# [Stored data]
=-=-=

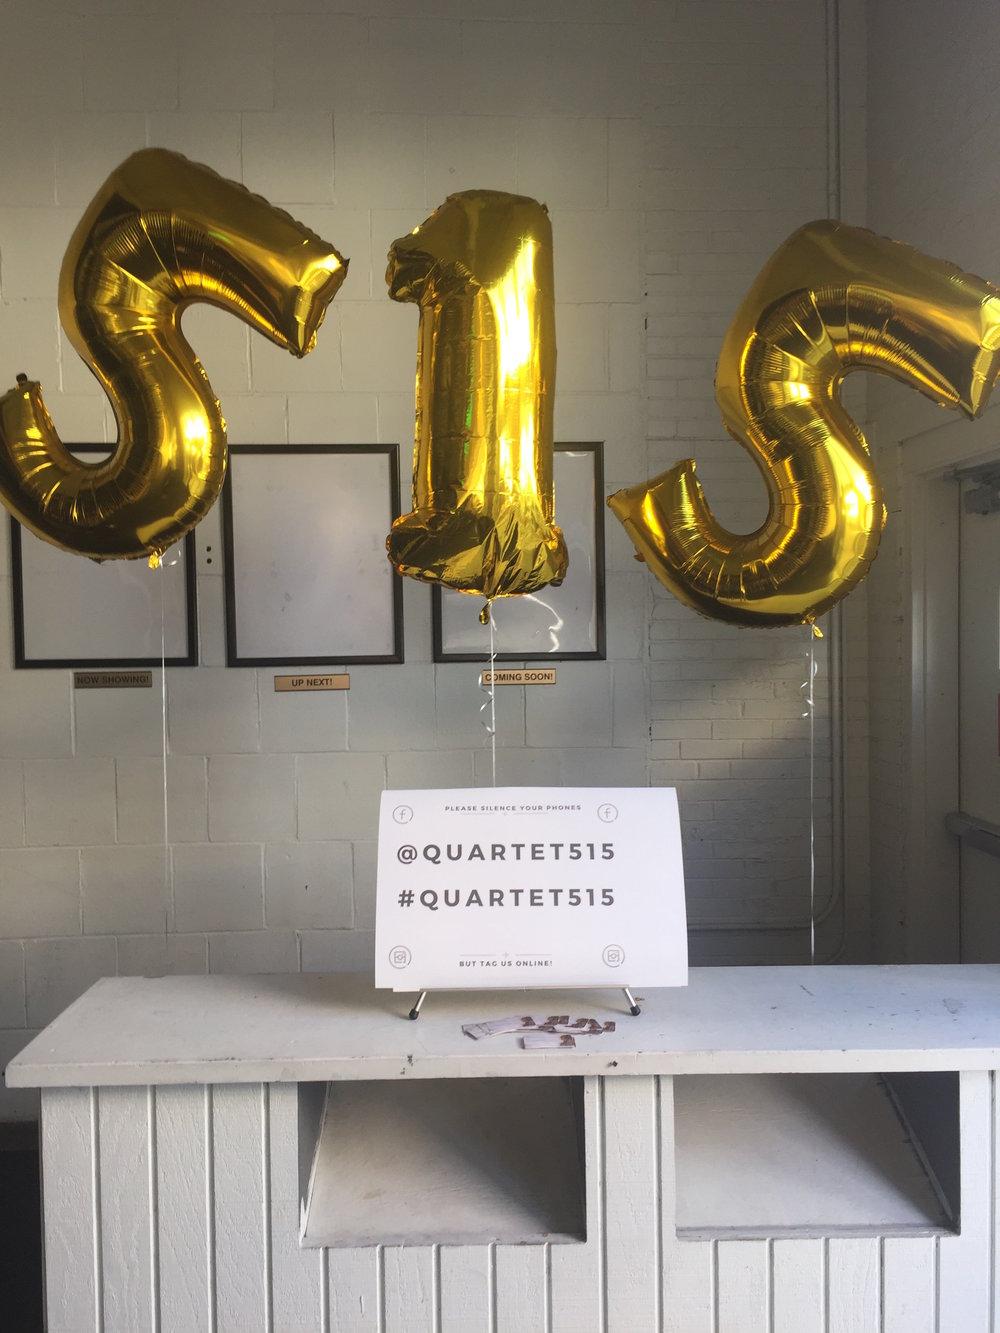 515 balloons
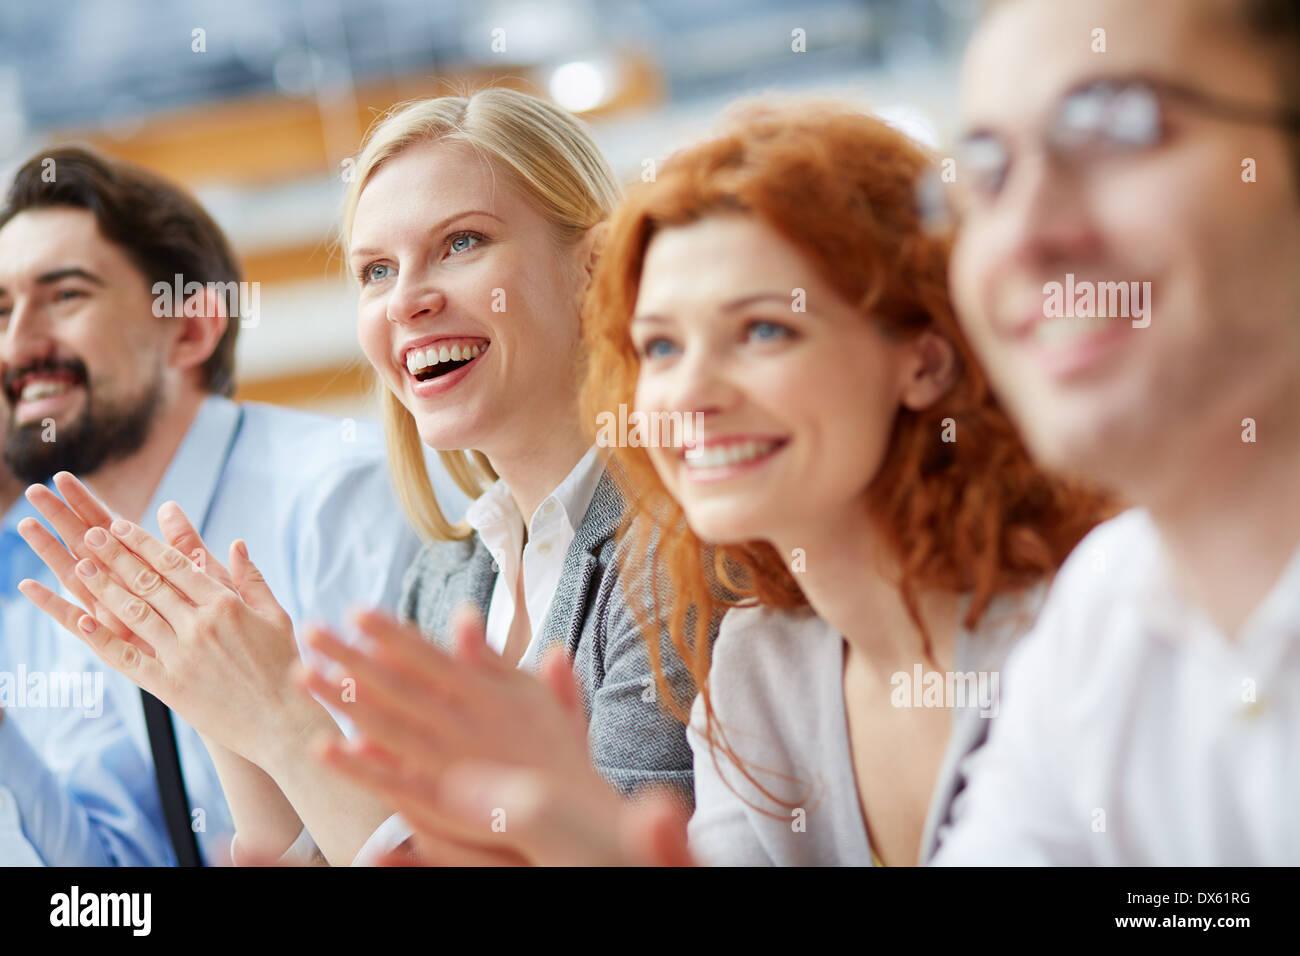 Imagen de un equipo comercial aplaudiendo en el signo de aprobación Foto de stock
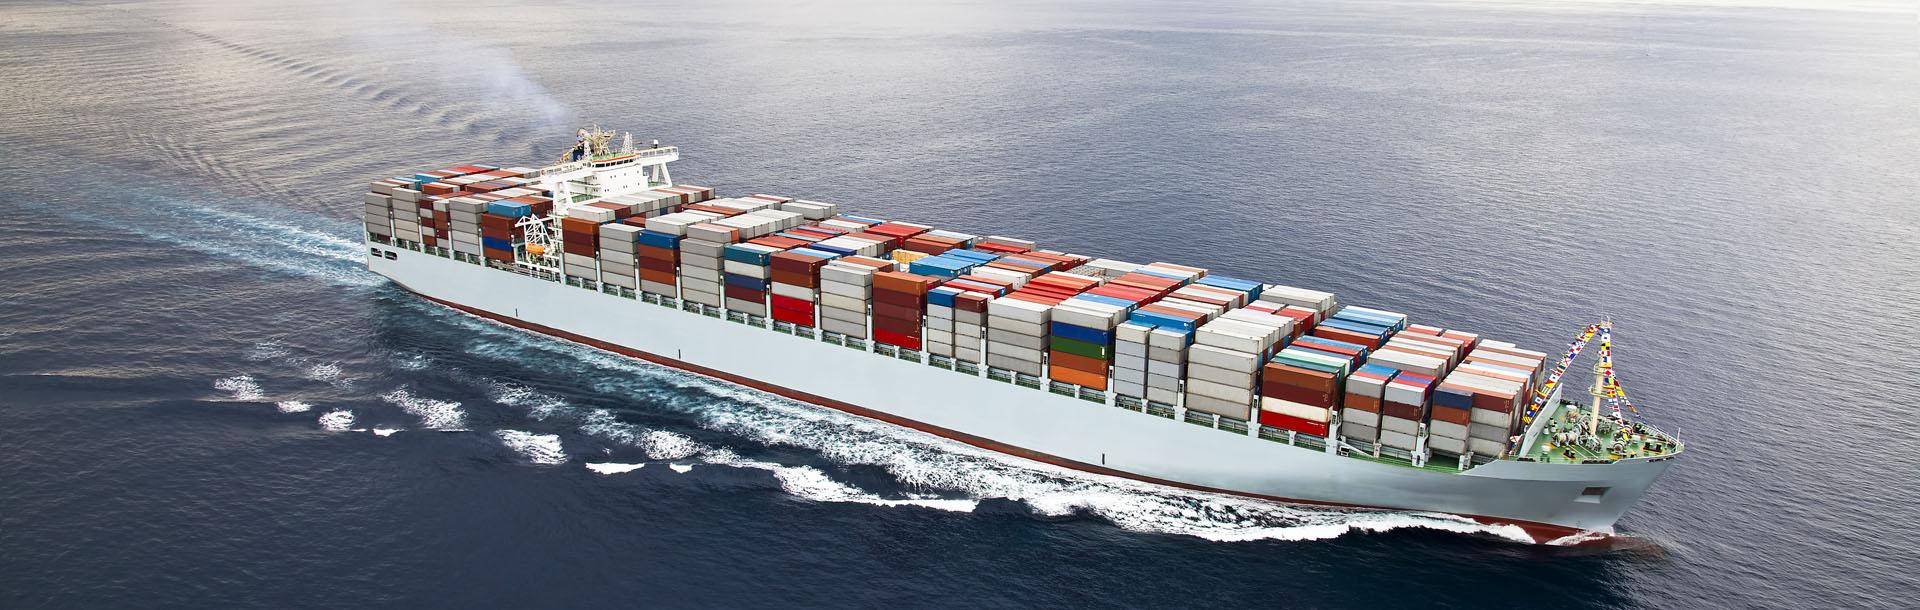 Quay Shipping

=-=-=

# [Instructions to follow]
Once the pictures have been removed, reproduce each line of the material above exactly.

# [Response area]
 515 balloons
 Imagen de un equipo comercial aplaudiendo en el signo de aprobación Foto de stock
 Quay Shipping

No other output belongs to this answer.